The topics below are possible student projects for a coursework masters (MIT program) or MRes degree. Contact the relevant academic (Anthony Sloane, Matt Roberts or Dominic Verity as noted) if you would like to discuss the possibility of undertaking one of these projects. Also contact us if you are interested in a programming languages project but do not see one here that is of interest.
Kiama and Scala-related projects
Kiama is a Scala-based library for software language processing that has been under development at Macquarie since 2008. The aim of Kiama is to make it easier to build software such as compilers, interpreters, static analysis tools, or other software that processes structured information.
These projects would suit students with an interest in languages and programming. Good skills in object-oriented programming and background in language implementation (for example, from COMP332 Programming Languages) will be useful. Scala and Kiama are the implementation platform used in COMP332.
A better CTags via Island Grammars in Kiama (Roberts)
Island grammars are a way of robustly extracting information from source code which may not be completely correct and where only part of the structure of the source code is required. CTags is a tool for extracting the location of object/class/variable definitions from source code, which is most often used for source code navigation in advanced text editors.

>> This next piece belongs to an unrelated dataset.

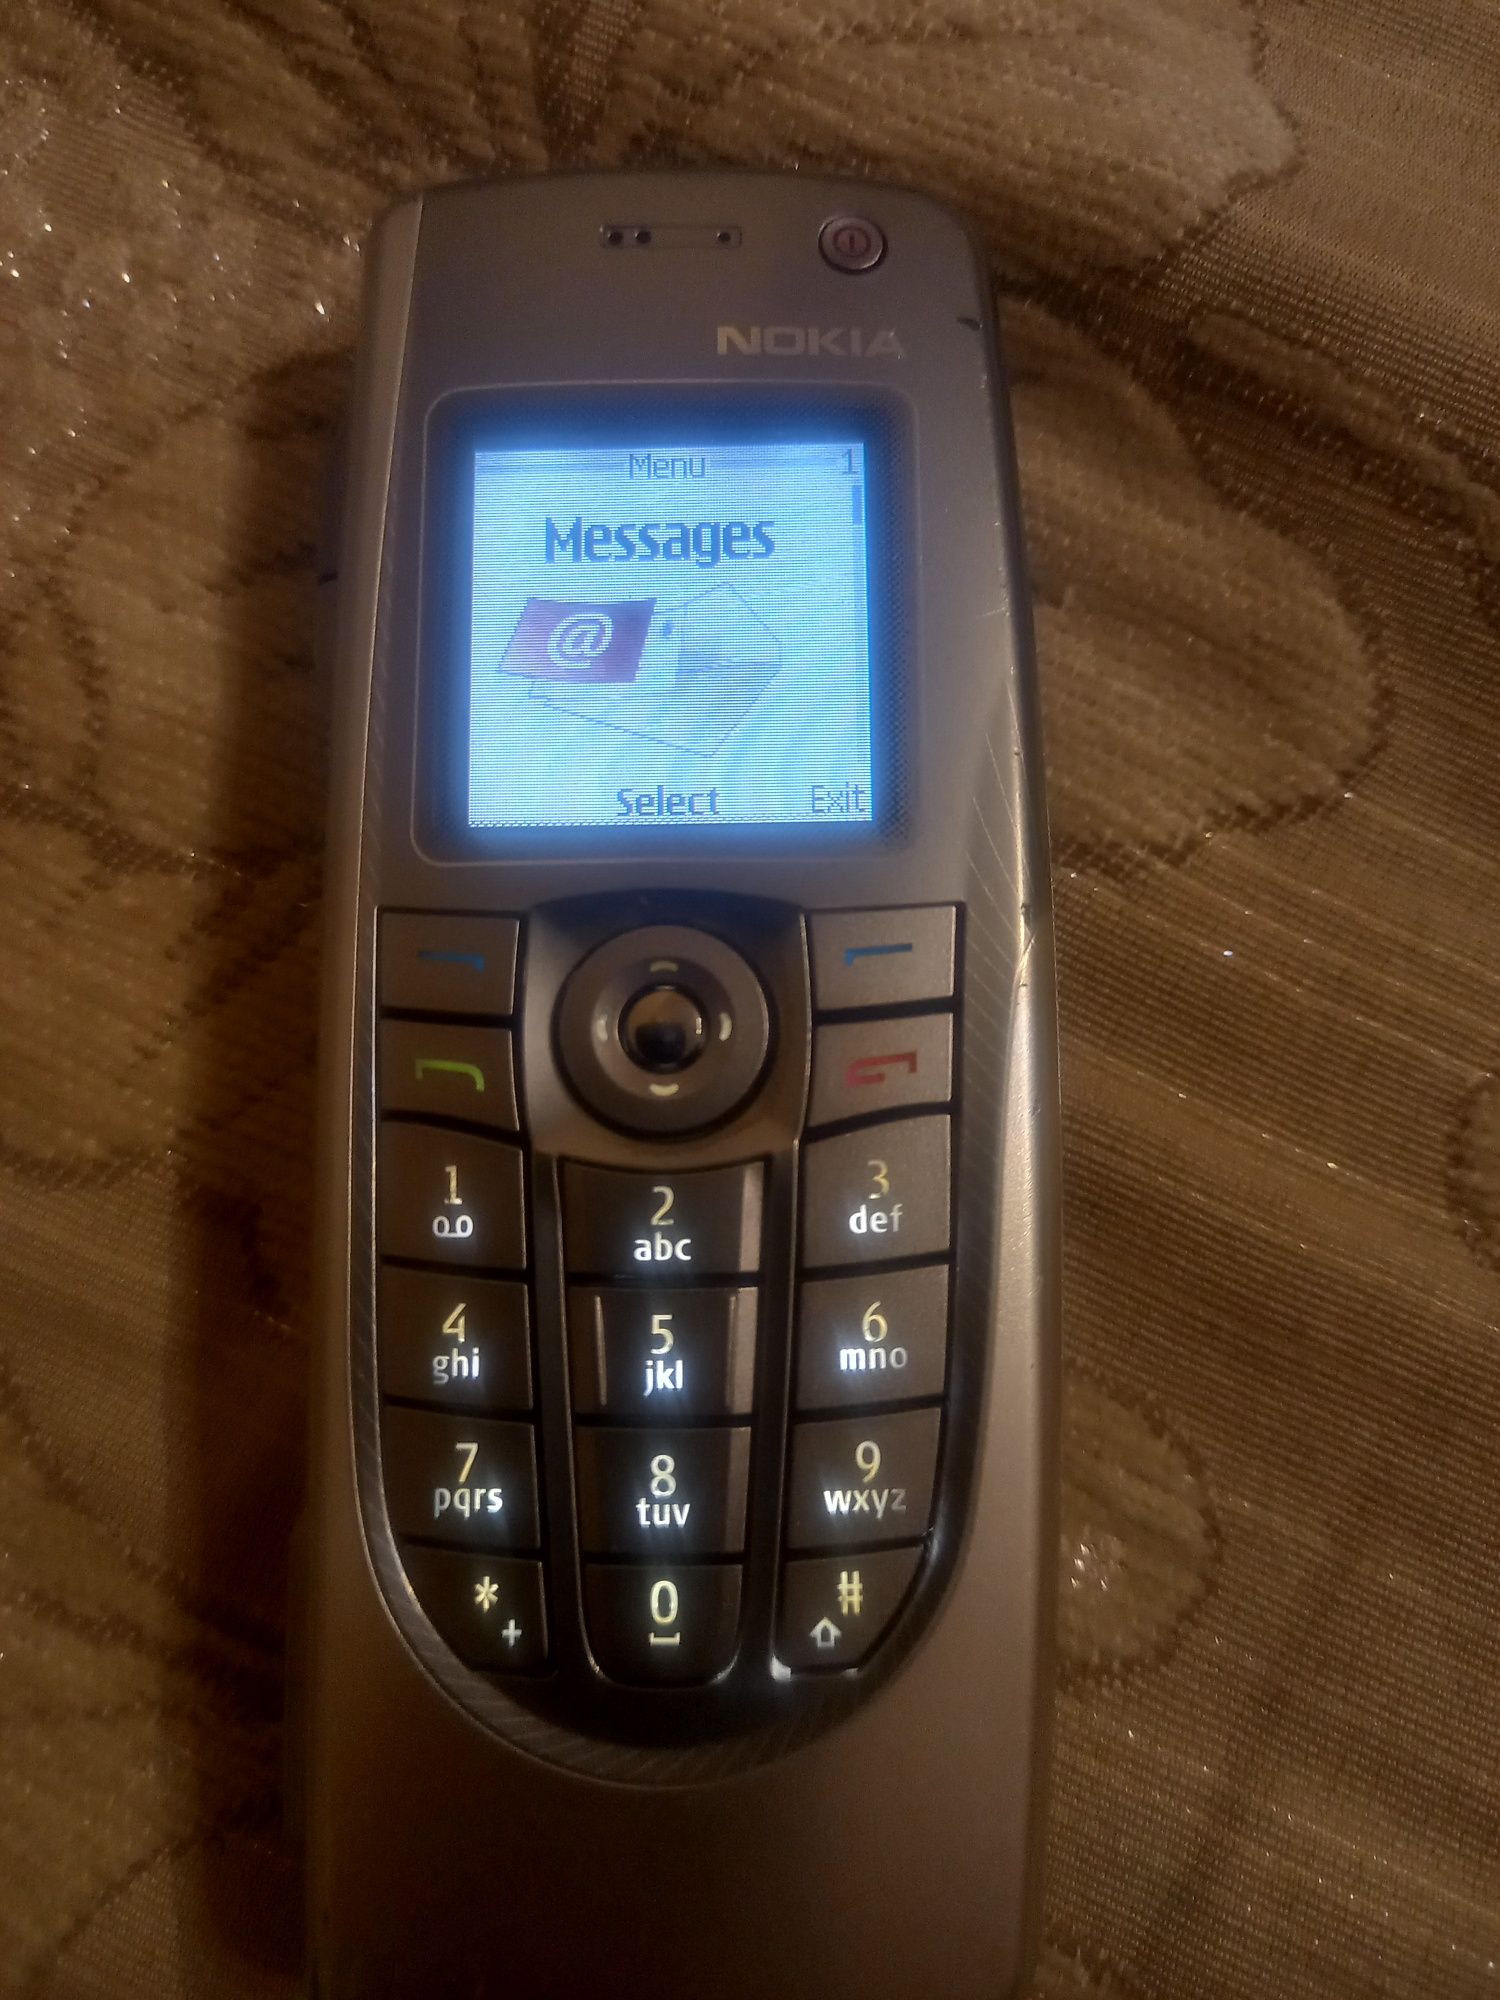 Nokia 9300 communicator
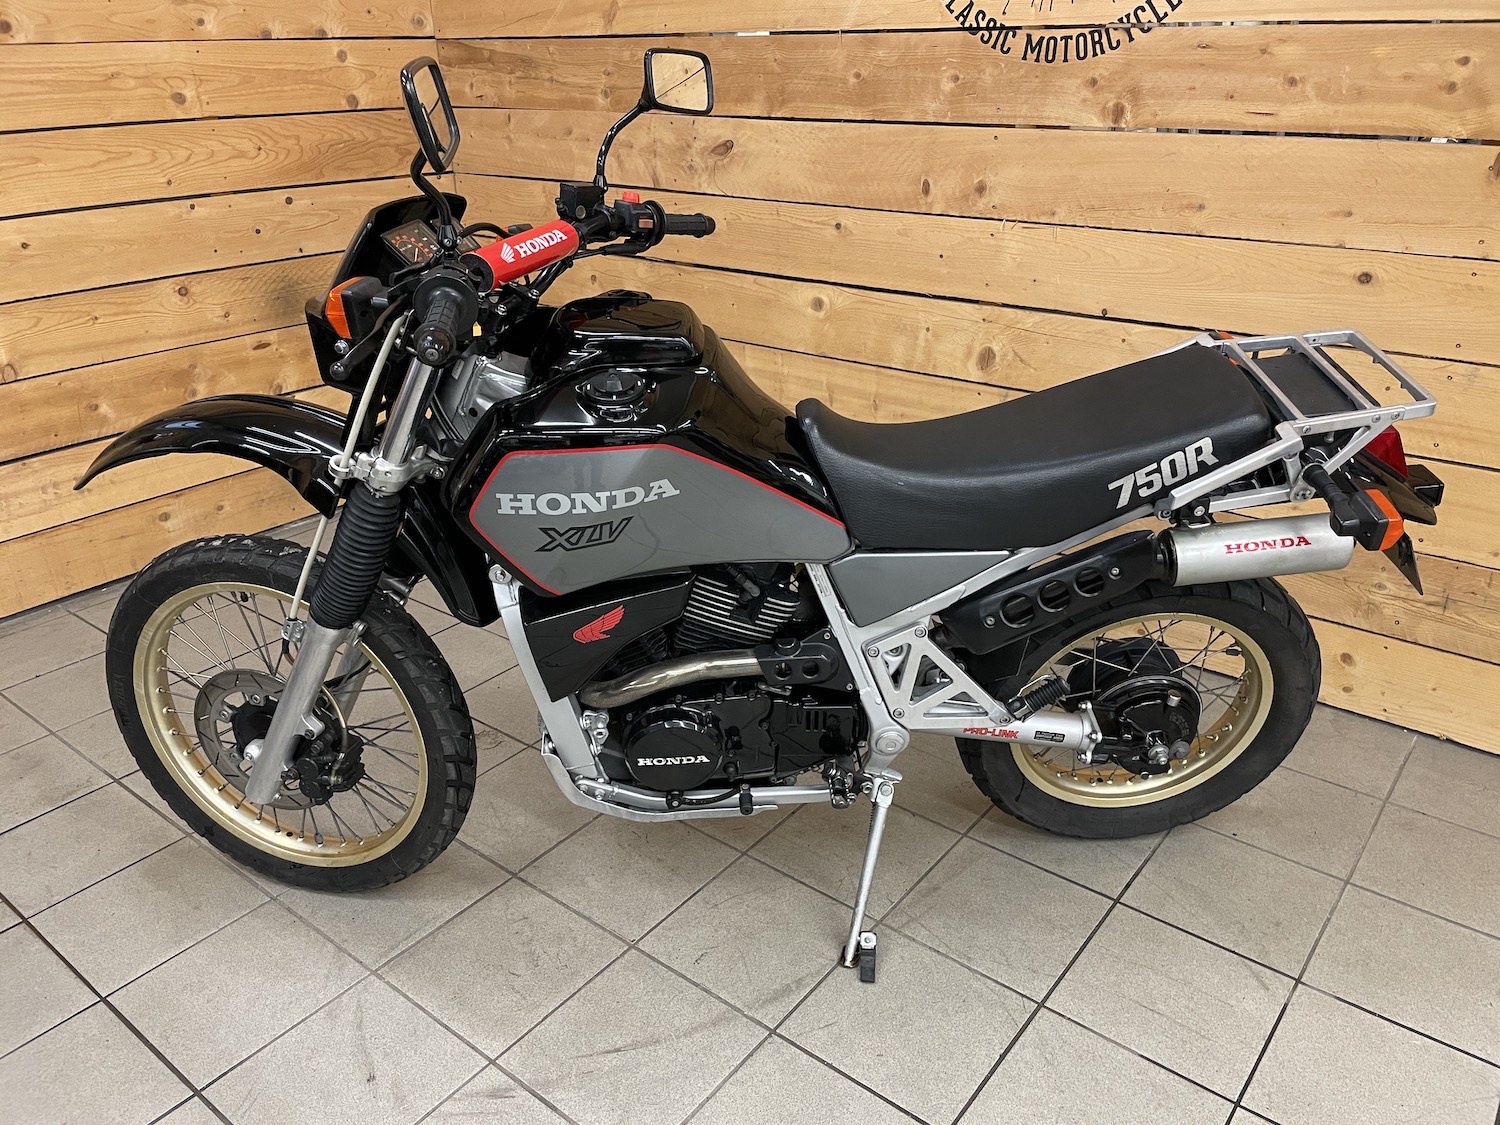 Honda_XLV_750R_cezanne_classic_motorcycles_6-118.jpg

CTags suffers from a number of deficiencies due to its reliance on regular expressions to find source code features. In this project you would implement island grammars in Kiama for a few important languages (at least including Scala) and build a tool around those grammars which could be used to:
- find the definition of objects/classes/variables in source code (as in CTags).
- return the complete definition of those source features when asked (which CTags can't do).
Optionally, you can integrate this into an existing editor such as Vim, TextMate, Emacs or Sublime Text for demonstration purposes, but even without this the tool can be demonstrated using "reverse literate programming", which Matt can explain more if you are interested.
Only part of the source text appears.